(PROBLEM DESCRIPTION):
Your reply should hold every record exactly as given, with no pictures in it.

(SUPPLIED MATERIAL):
◆ ◆ ◆
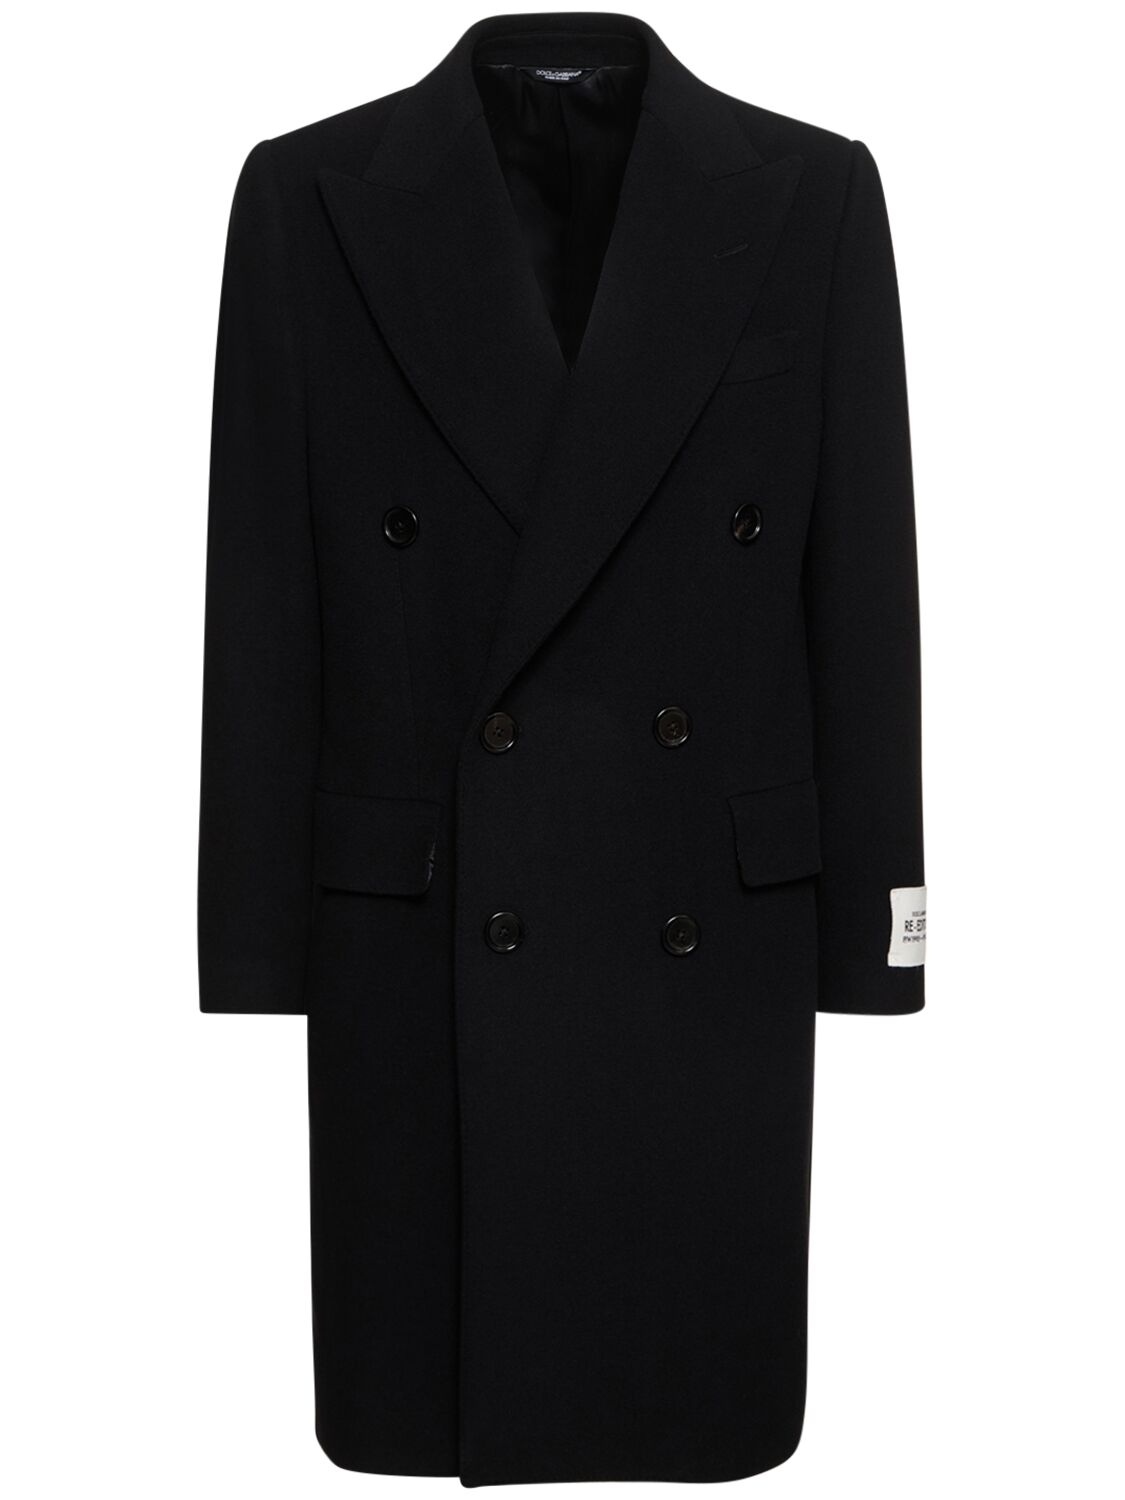 DOLCE & GABBANA RE-EDITION DOUBLE BREASTED WOOL COAT
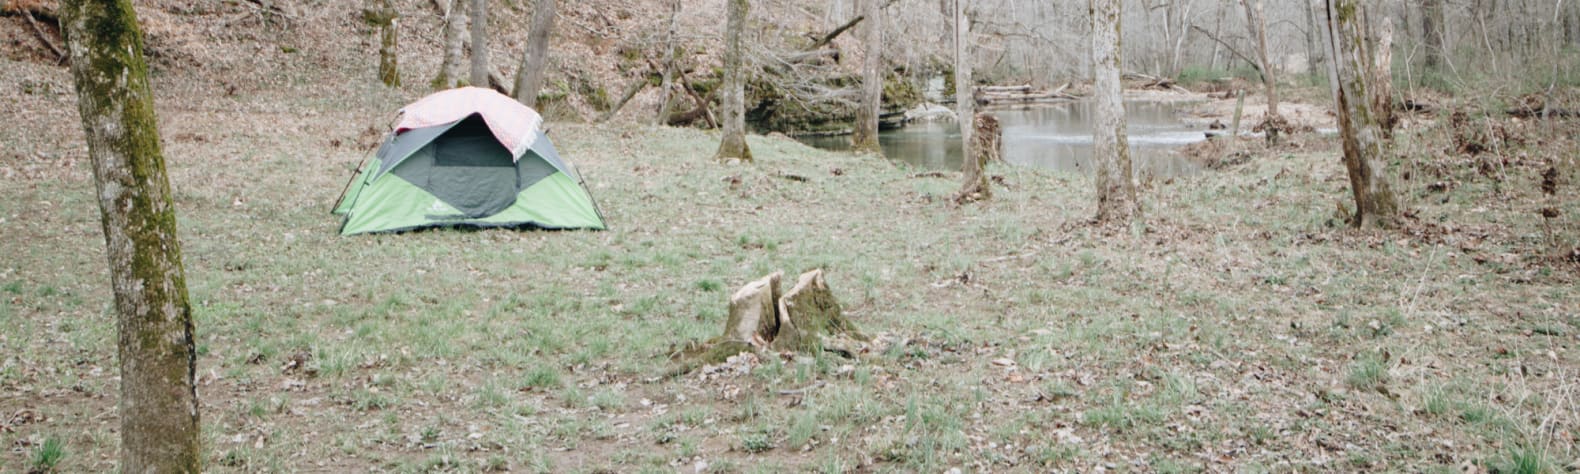 Camping by the Creek
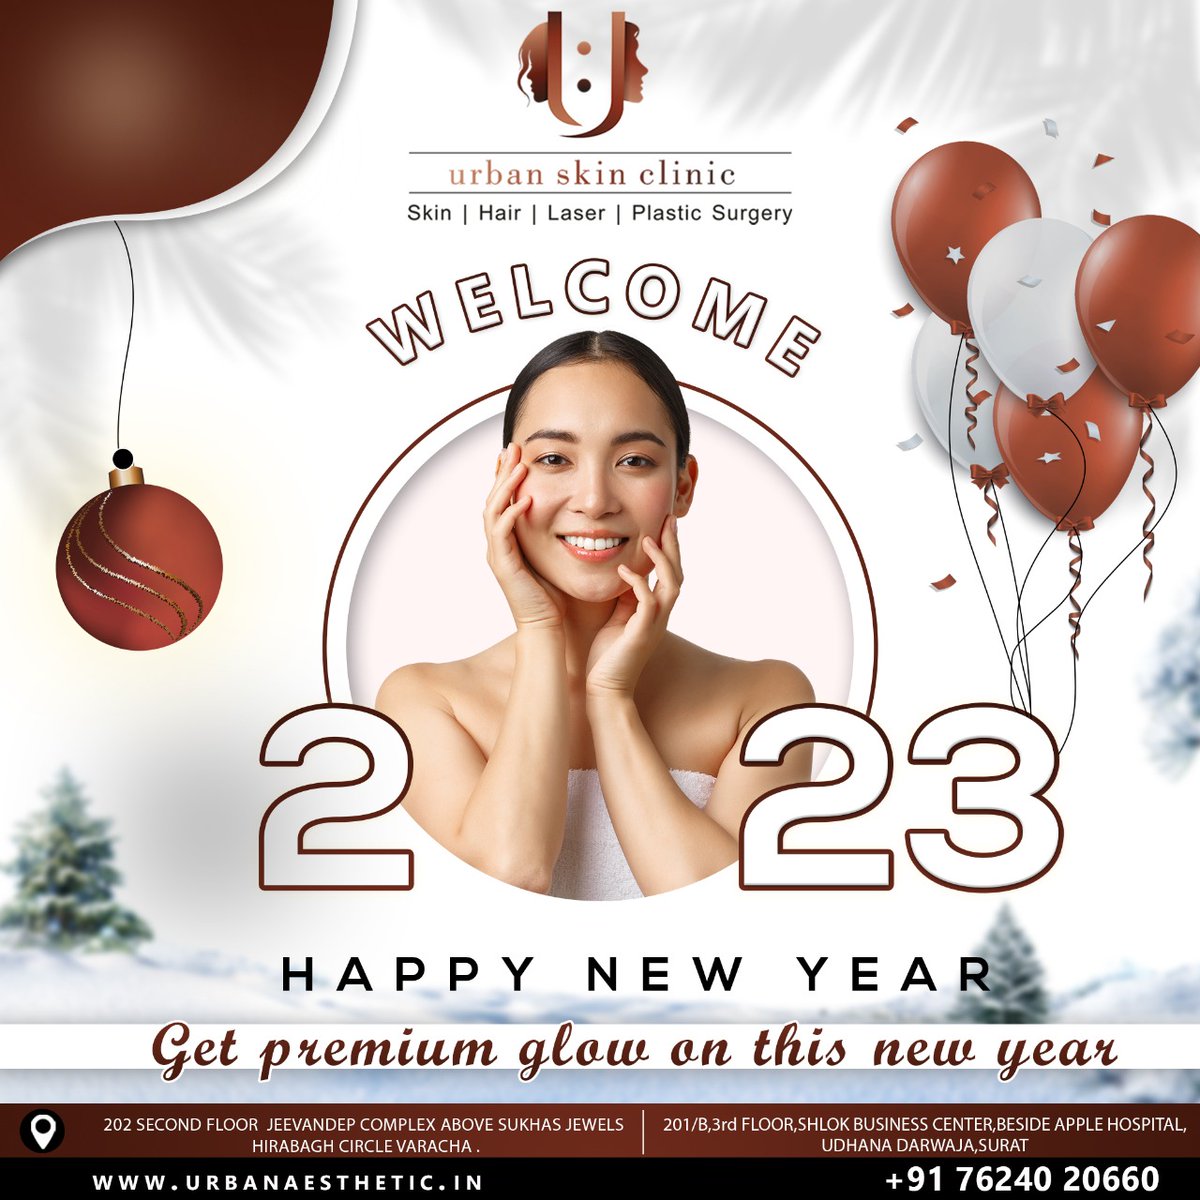 WELCOME 2023😍

HAPPY NEW YEAR🎉

#happynewyear2023 #carbónfacial #facialtreatment #facelifting #tightenskin #skinglow #skintreatment #facialtreatment #faceglow #faceglowbeauty #skincare #lasertreatment #PlasticSurgery #CosmeticSurgery #facemakeover #face #skincare #Surat
◆ ◆ ◆
(RESPONSE):
 DOLCE & GABBANA RE-EDITION DOUBLE BREASTED WOOL COAT
 Camping by the Creek
 WELCOME 2023😍

HAPPY NEW YEAR🎉

#happynewyear2023 #carbónfacial #facialtreatment #facelifting #tightenskin #skinglow #skintreatment #facialtreatment #faceglow #faceglowbeauty #skincare #lasertreatment #PlasticSurgery #CosmeticSurgery #facemakeover #face #skincare #Surat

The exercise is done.